New Treasures: The Iron Jackal by Chris Wooding

The Iron Jackal-smallChris Wooding’s Ketty Jay novels come packed with witty dialog, high-flying adventure, and a hearty dose of steampunk fantasy — not to mention some great covers (see the British editions of the first three here). The previous volumes, Retribution Falls and The Black Lung Captain, were published in the US by Bantam Spectra; with the third Wooding switches publishers to Titan, bringing a new look to a series that has been compared to Firefly. If you’re on the hunt for a new series that includes sky pirates, quirky characters, and swashbuckling fantasy, this might be exactly what you’re looking for.

Things are looking good for Captain Frey, roguish captain of the Ketty Jay and her dysfunctional crew of layabouts. Accustomed to living on the wrong side of the law, running contraband, robbing airships and generally making a nuisance of themselves, Frey’s rag-tag bunch of no-hopers is finally on the rise from bottom-feeding freebooters to bar-room celebrities. And, just for once, nobody is trying to kill them.

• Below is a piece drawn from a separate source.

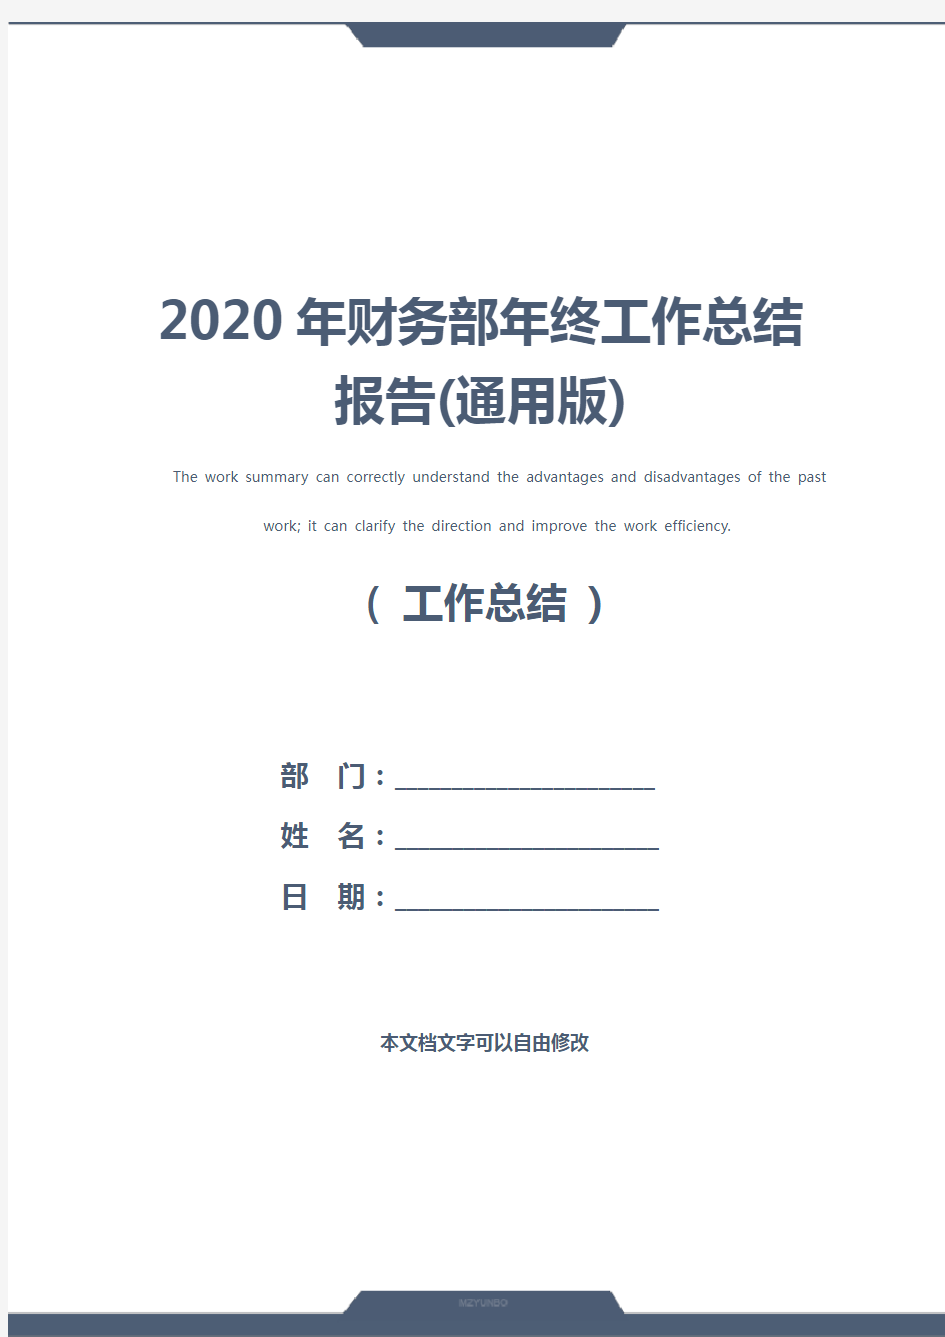 2020年财务部年终工作总结报告(通用版)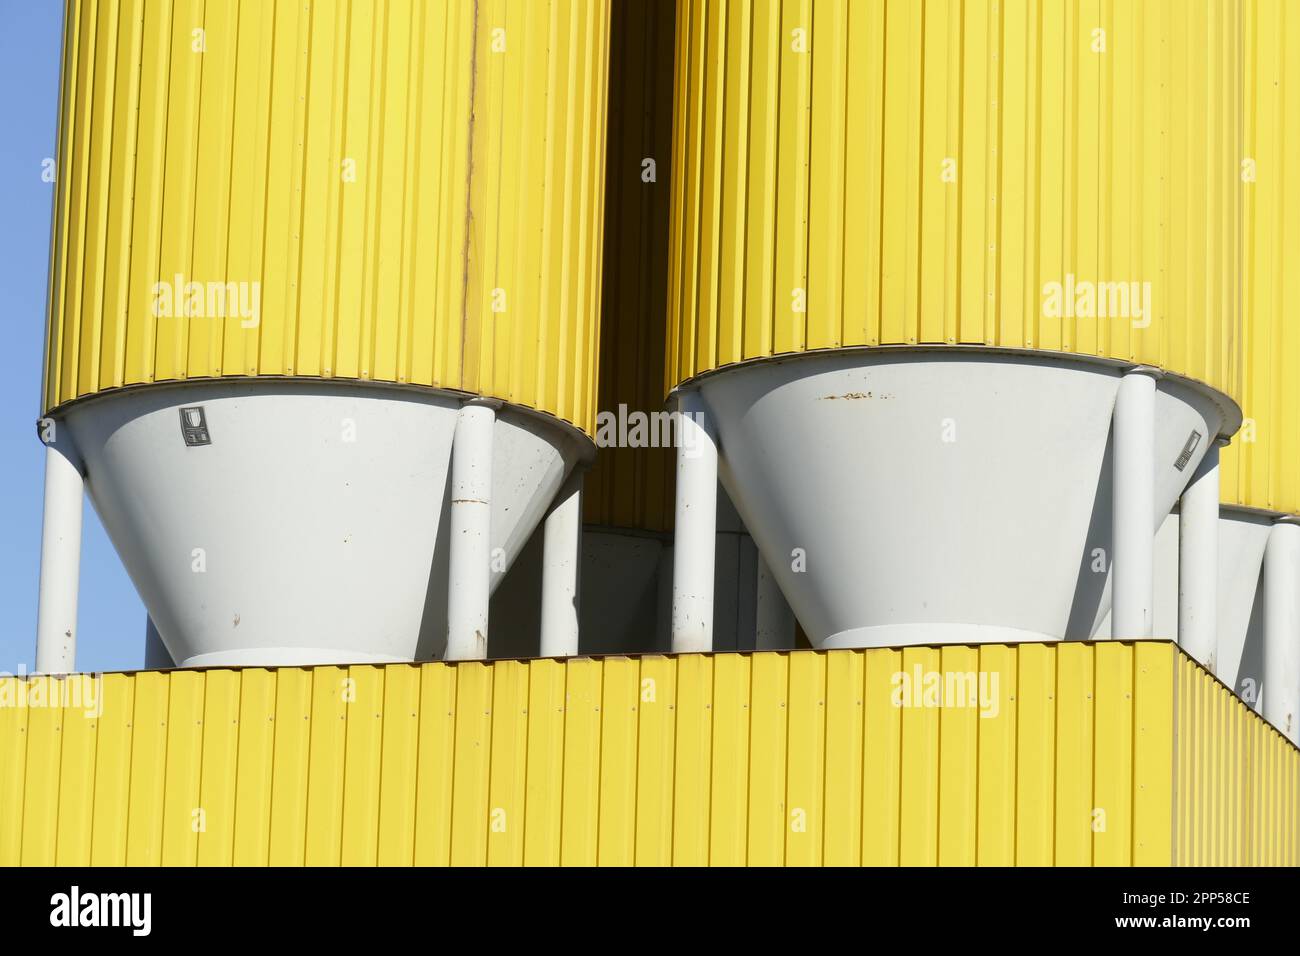 Gelbe Silos für Baumaterial in Hemelinger Hafen, Bremen, Deutschland,  Europa Stockfotografie - Alamy

Even Trinci Dracken, Frey’s one-time fiancée and long-time nemesis, has given up her quest for revenge. In fact, she’s offered him a job — one that will take his crew deep into the desert heart of Samarla, land of their ancient enemies, where the secrets of the past lie in wait for the unwary. Secrets that might very well cost Frey everything.

Join the crew of the Ketty Jay on their greatest adventure yet: a story of mayhem and mischief, roof-top chases and death-defying races, murderous daemons, psychopathic golems and a particularly cranky cat.

Chris Wooding is also the author of Malice, Storm Thief, and over a dozen other books. He has announced that the fourth volume in the series, the upcoming The Ace of Skulls, scheduled for release in August, is also the last.

The Iron Jackal was published by Titan Books on March 11, 2014. It is 480 pages, priced at $14.95 for the trade paperback and $9.99 for the digital edition.